A unique project is using some very old, and very cutting edge, IT to track the biggest fish in the sea.
Someone grabbed my wrist and pointed sharply below us: ‘Quick, look down!’ I swam to face the seabed and gasped through my snorkel. A shark stretching some 8m long, as long as a bus, had moved silently underneath us — and I hadn’t noticed it at all.

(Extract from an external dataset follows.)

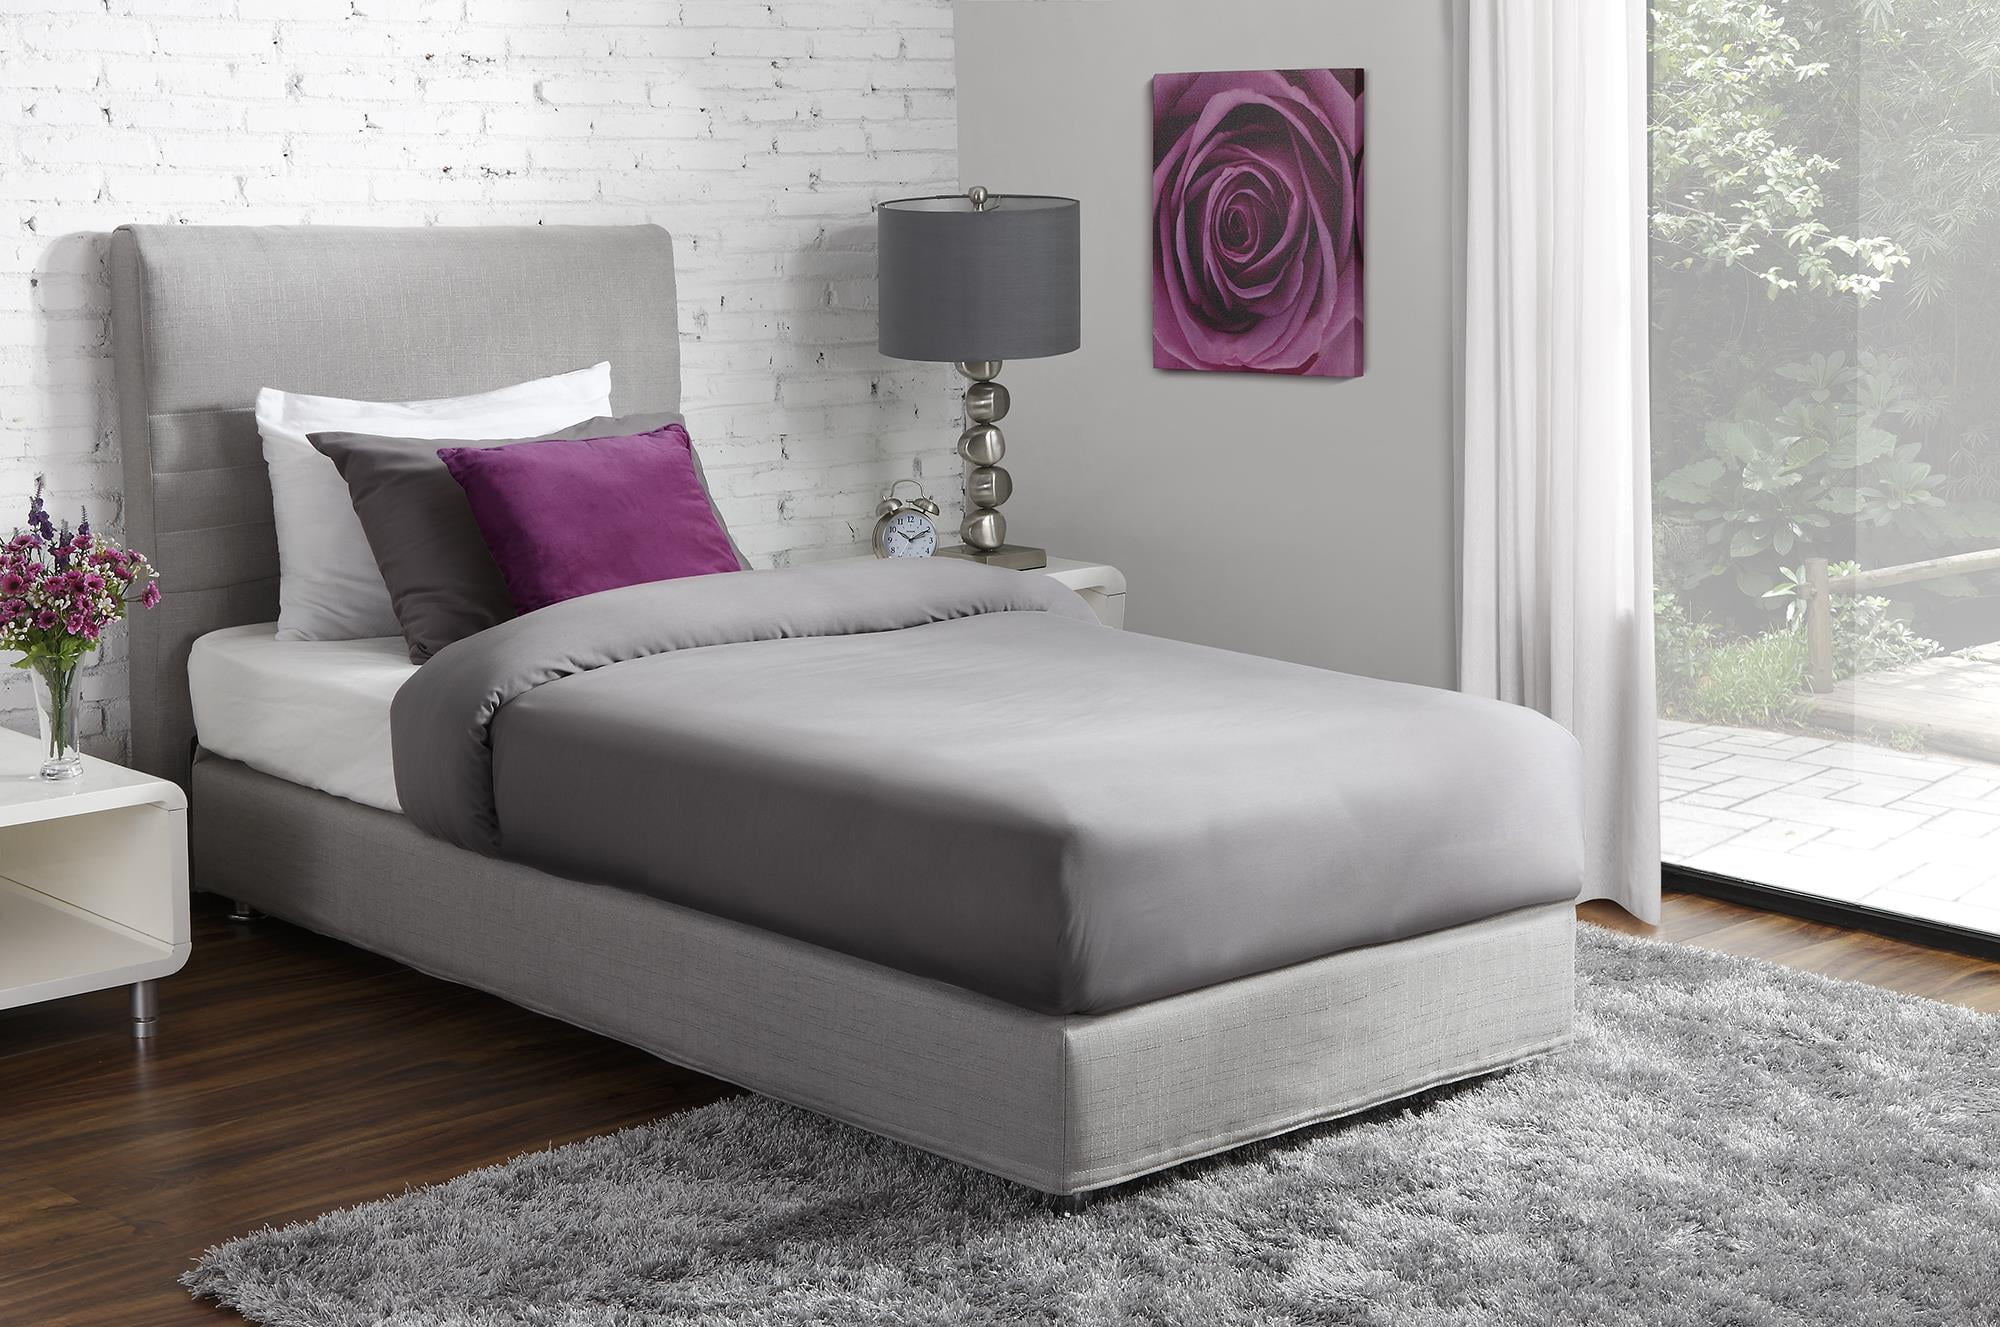 hybrid bunk bed mattress
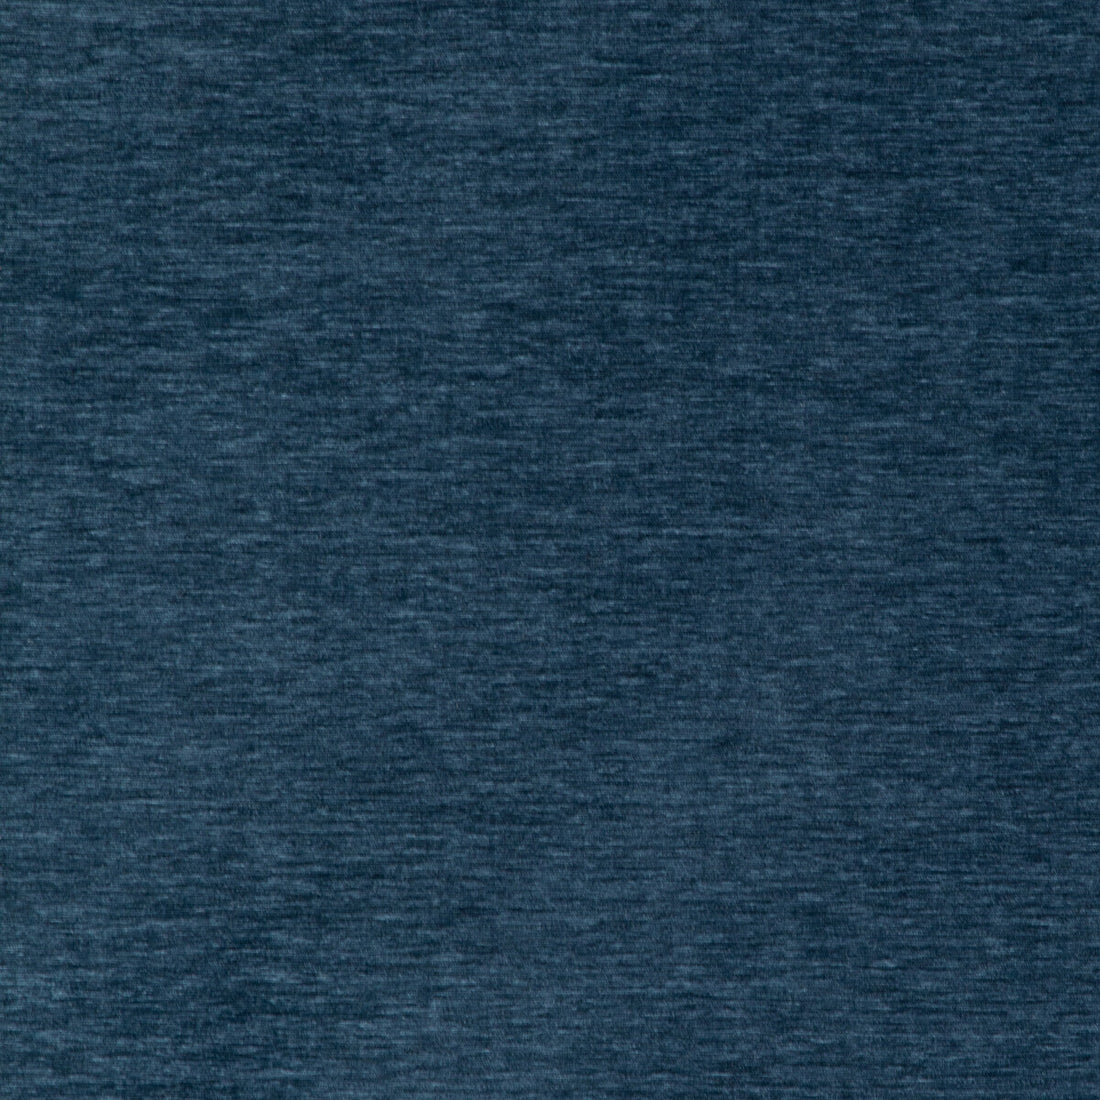 Kravet Smart fabric in 36662-505 color - pattern 36662.505.0 - by Kravet Smart in the Performance Kravetarmor collection

The whale shark, a beautiful creature, a filter-feeder whose giant mouth gives it a benign look, is good at escaping detection. It’s still not known how large the global population of whale sharks is, how they migrate across the oceans, and where they give birth, despite being the largest fish species alive today.
For a few minutes off the coast of Ningaloo in Western Australia, I was able to swim with one such shark, before it disappeared off into the Indian Ocean, too deep and too fast for humans to follow. All that remained of our encounter was a short video, taken by another snorkeller who’d been with me that day.
The tourist that made the video might have thought they were just creating a holiday souvenir, but unknowingly he was making a scientific record for marine researchers, and tagging the shark we’d both seen in a way that would allow us to reconnect with the animal many years later.
Stills from the video of our encounter were sent to a project that’s helping to find out more about these enigmatic animals, using a technological toolbox that draws on computer vision, social media, and neural networks to track whale shark movements across the globe.
Whaleshark.org has been curating whale shark photos from all over the world for around 15 years, and uses the distinctive spot patterns surrounding the animals’ left pectoral fins to identify particular individuals from their pictures. With the spot patterns as unique as a fingerprint, animals’ movements can be tracked across the world using photos and locations uploaded to the site by everyone from professional whale shark researchers to holiday makers that have snapped the creatures during a scuba dive.
Whaleshark.org is run by Wild Me, a not-for-profit that aims to help wildlife research and conservation using technology. The idea for Whaleshark.org came to Jason Holmberg, Wild Me’s information architect, in the early 2000s after he took park in an expedition in La Paz, Mexico, that tracked animals by attaching plastic tags with spearguns.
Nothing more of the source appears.